The breakdown of parameters is as follows

lineage_wf Specifies with mode of CheckM to run. This is the most common to use, but several others exist
-t Number of threads to use for the initial marker gene detection and clustering
--pplacer_threads Number of threads to use when inserting bins into the guide tree
-x The fastA file extension to look for in the input folder. Default is .fna
--tab_table If this parameter is present, a summary table will be written for the CheckM run
-f The name of the file for the summary
dastool/\_DASTool\_bins/ The location of the bins to test
checkm\_out/ The location to write intermediate and output files

Increasing --pplacer_threads

Increasing this parameter results in a linear increase in memory requirement - seting it to 10 means that CheckM will need about 10 times more memory than with a single thread

When your job completes, we will download the summary file and examine it.


An independent update to CheckM was made in late 2022 in the form of a new software CheckM2 (see publication). It uses machine learning to estimate completeness and contamination. Computationally, it uses less resources than CheckM and can be used on putative genomes with reduced genomes or unusual biology. Keep in mind that because both software use different methods for assessing genome completeness, the output statistics will be different (see discussion here for a case example) and it does not estimate strain heterogeneity.

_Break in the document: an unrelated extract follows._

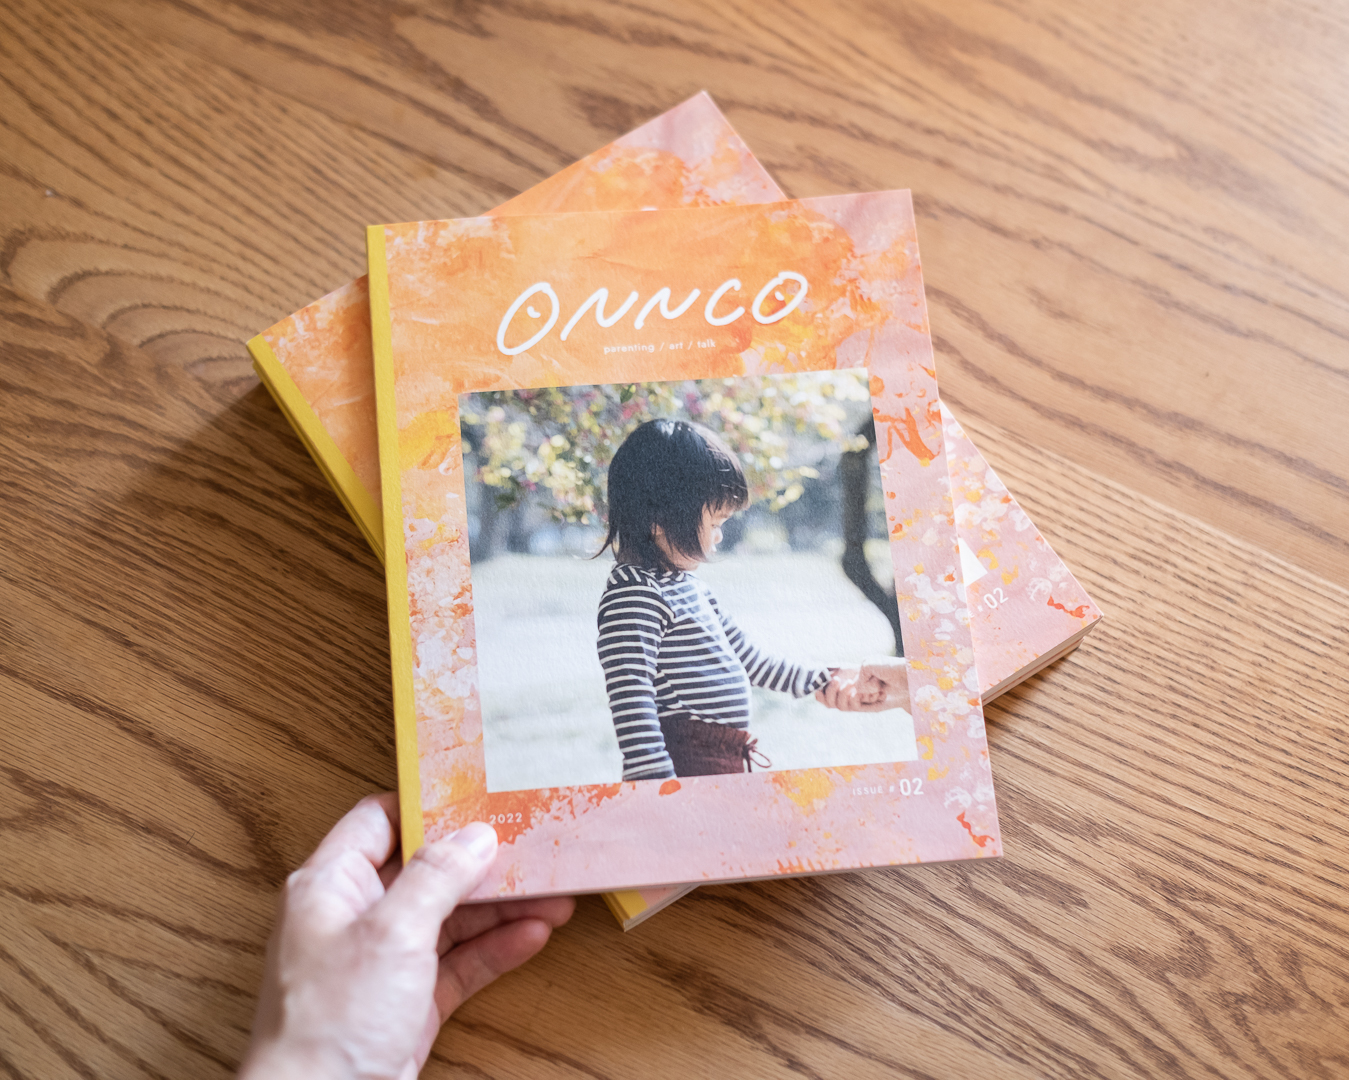 ONNCO Magazine vol.2 ができました!

If you would like to try it out, here's a script analogous to that we ran using CheckM:


#!/bin/bash -e
#SBATCH --account       nesi02659
#SBATCH --job-name      CheckM2
#SBATCH --partition     milan
#SBATCH --time          00:20:00
#SBATCH --mem           50GB
#SBATCH --cpus-per-task 10
#SBATCH --error         %x_%j.err
#SBATCH --output        %x_%j.out

# Load modules
module purge
module load CheckM2/1.0.1-Miniconda3

# Working directory
cd /nesi/nobackup/nesi02659/MGSS_U/<YOUR FOLDER>/5.binning/

checkm2 predict \
  -x .fa --input dastool_out/_DASTool_bins/ \
  --output-directory checkm2_out/

Dereplicating bins across multiple assemblies

In this workshop, we have generated a set of putative MAGs by binning scaffolds taken from a single co-assembly. Alternatively, we may have chosen to generate multiple assemblies (for example, mini-co-assemblies for each sample group, or individual assemblies for each sample). In this case, it would be necessary to work through the binning process for each assembly, and then conduct an additional dereplication step across the multiple assemblies to generate a single set of dereplicated bins for all assemblies.

This is beyond the scope of this workshop (and unnecessary here, since we are working with a single co-assembly). For future reference for your own work, further information about how to dereplicate bins and viral contigs across multiple assemblies via dRep and dedupe has been provided as an appendix here.